Qualcomm suddenly has an about-face regarding Apple's 64-bit A7 processor, which a company executive called a "marketing gimmick" just last week.

Anand Chandrasekher -- senior vice president and chief marketing officer at Qualcomm -- said last week that Apple's 64-bit processor in the new iPhone 5S doesn't offer a big enough reason for consumers to upgrade because 64-bit chips are needed for memory addressability beyond 4GB, and the iPhone 5S has only 1GB of DRAM. Hence, he concluded that 64-bit processors are not relevant in today's smartphones and tablets. 

"I know there's a lot of noise because Apple did [64-bit] on their A7," said Chandrasekher. "I think they are doing a marketing gimmick. There's zero benefit a consumer gets from that."

However, Qualcomm is backtracking on those comments and now says that 64-bit processors are a necessary part of the future of mobile computing. 

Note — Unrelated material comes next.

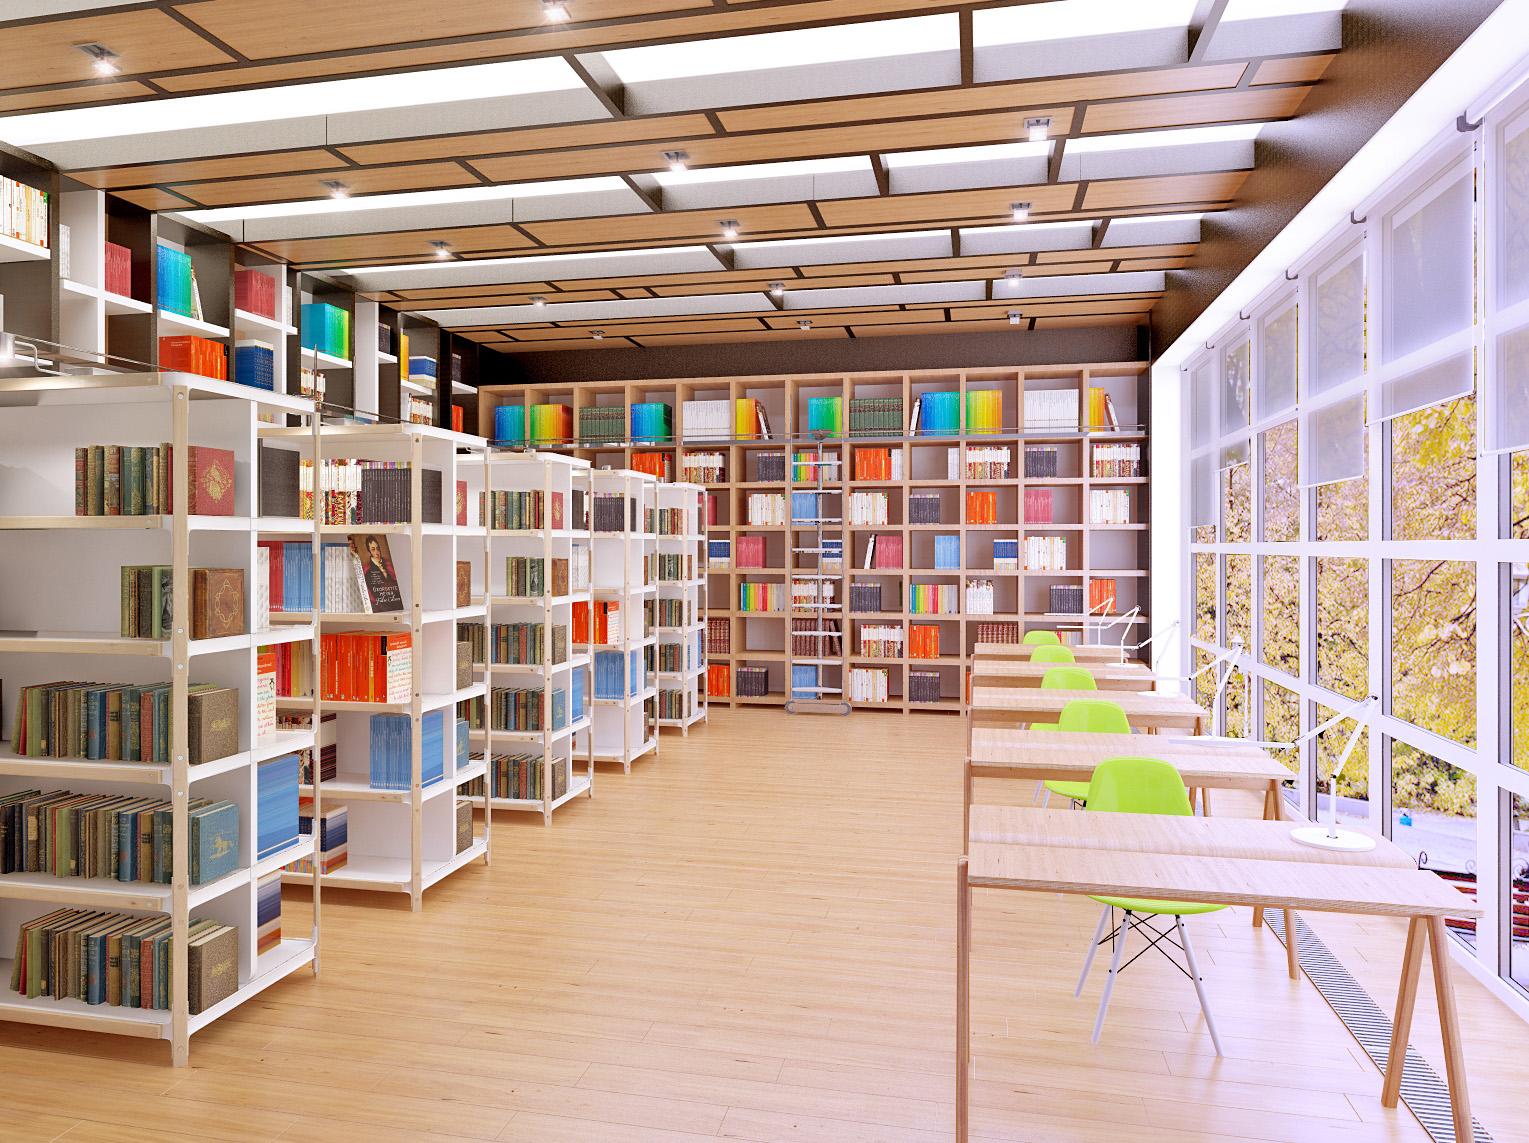 Дизайн помещений в библиотеке

“The comments made by Anand Chandrasekher, Qualcomm CMO, about 64-bit computing were inaccurate,” said a Qualcomm spokesperson. “The mobile hardware and software ecosystem is already moving in the direction of 64-bit; and, the evolution to 64-bit brings desktop class capabilities and user experiences to mobile, as well as enabling mobile processors and software to run new classes of computing devices.”

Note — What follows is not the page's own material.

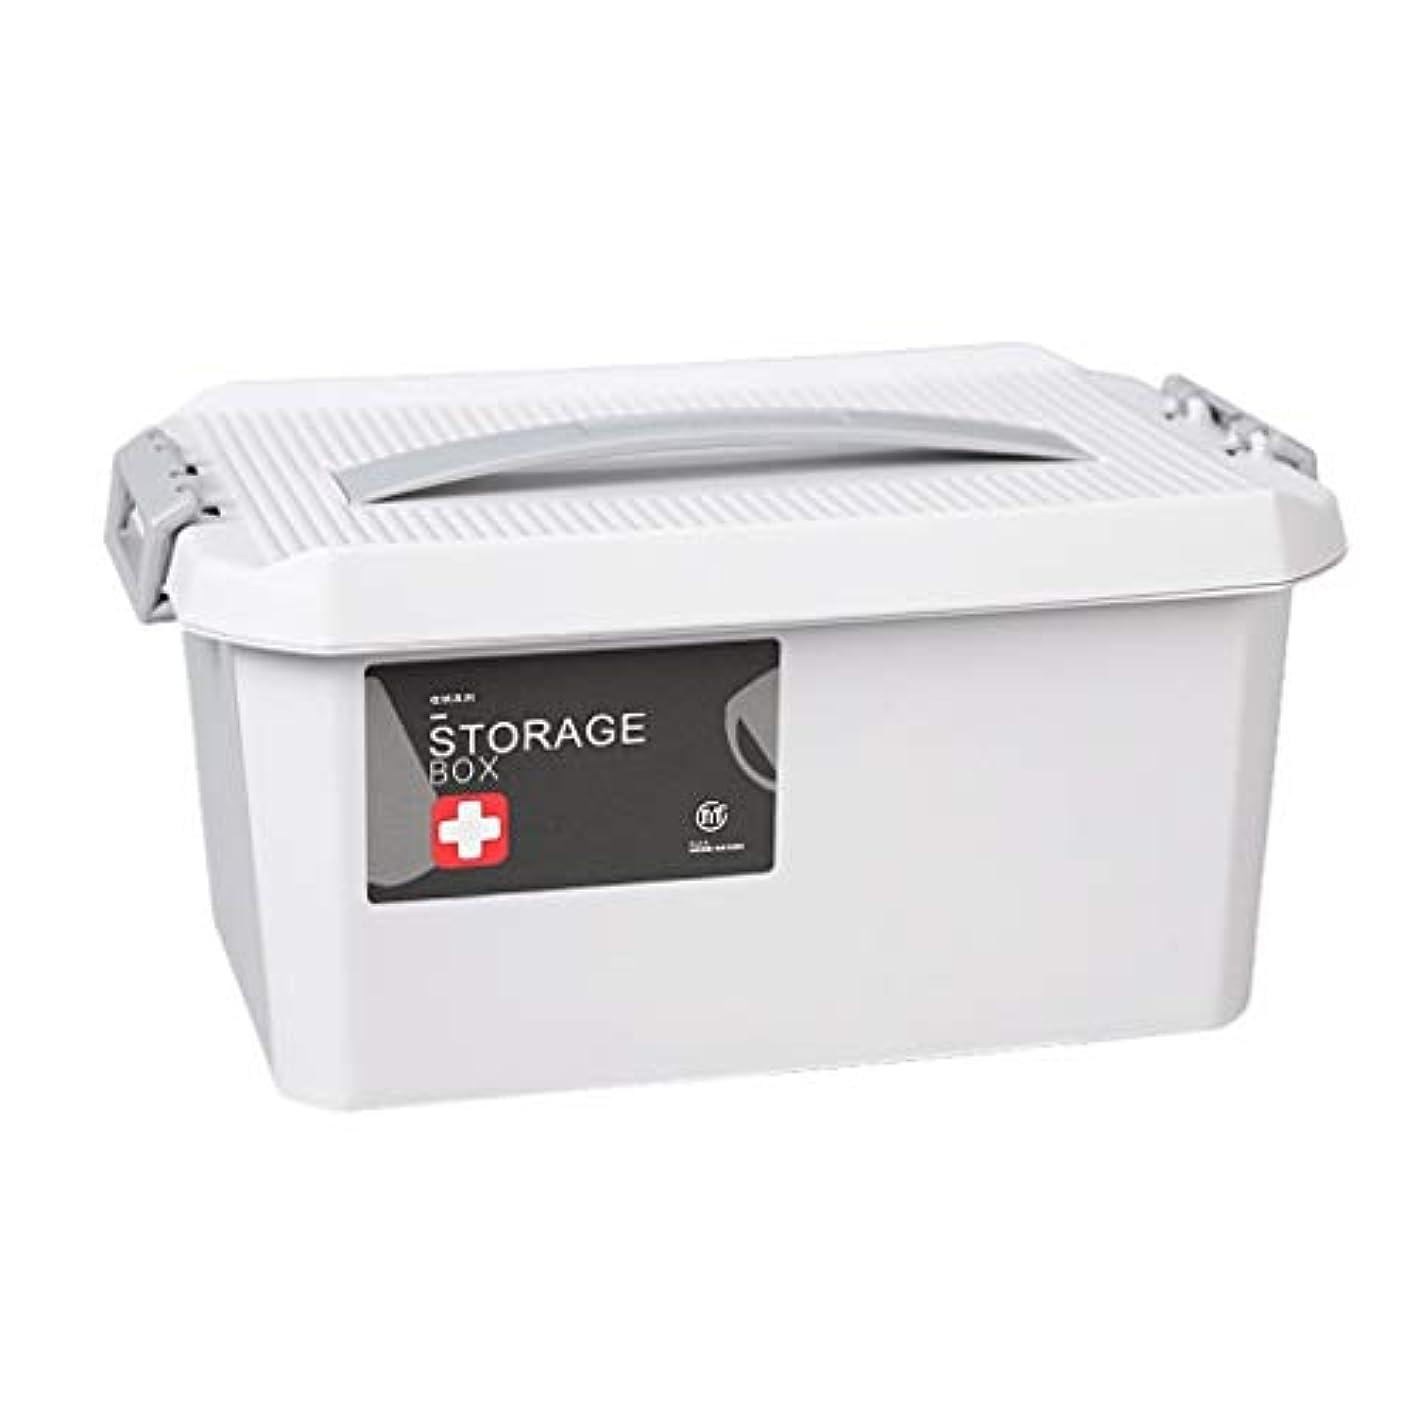 経過から秘書ピルボックスPP家庭用薬ボックス薬収納ボックス (色 : グレイ ぐれい, サイズ さいず : L24cm)

Qualcomm works closely with Apple and supplies modems for iPhones and iPads. Also, both companies design chips based on ARM architecture. 

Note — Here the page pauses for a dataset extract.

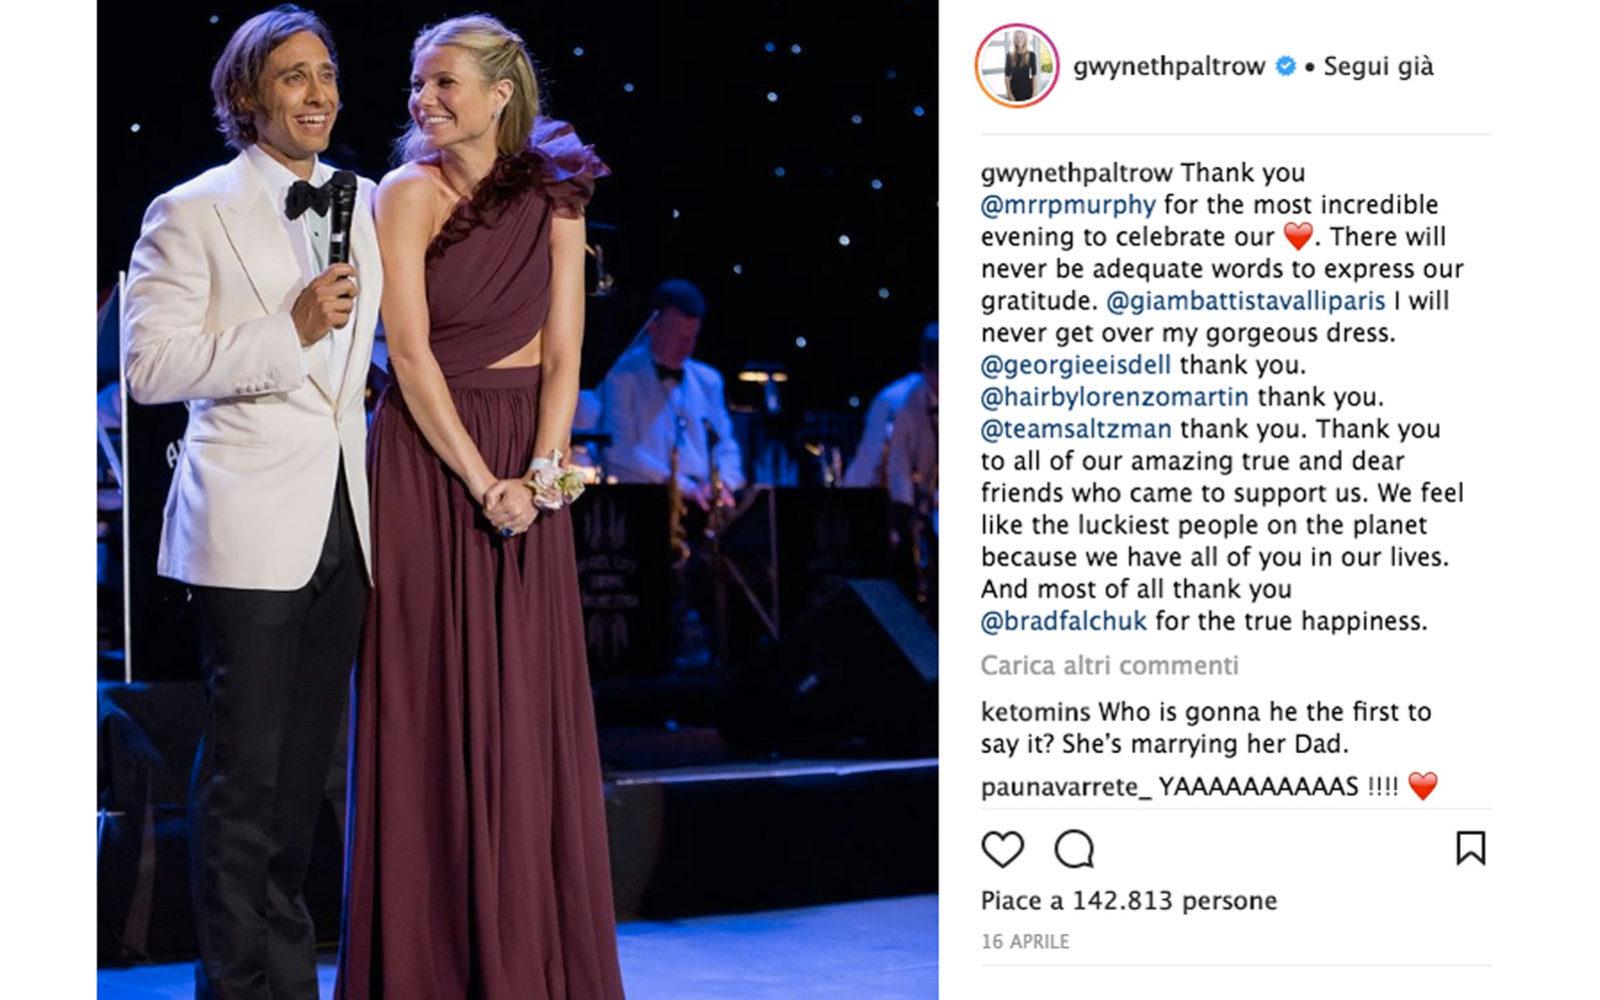 Gwyneth-Paltrow-e-Brad-Falchuk

More specifically, the A7 chip is based on the ARMv8 instruction set, which is said to boost performance through quicker mathematical and security tasks. It also eliminates the inefficiencies in older ARM instructions, but some wonder how much credit the 64-bit processor can take for the heightened performance. 

Apple released its iPhone 5S last month, which runs $199/$299/$399 for 16GB/32GB/64GB respectively. 

Qualcomm provides its Snapdragon chips for Android and Windows Phone smartphones and tablets. It even plans to continue investing in chips made for Windows RT, which is a mobile version of Windows 8 that runs on ARM-based chips and has been criticized for failing to produce a full Windows 8 experience (it can't run legacy apps).  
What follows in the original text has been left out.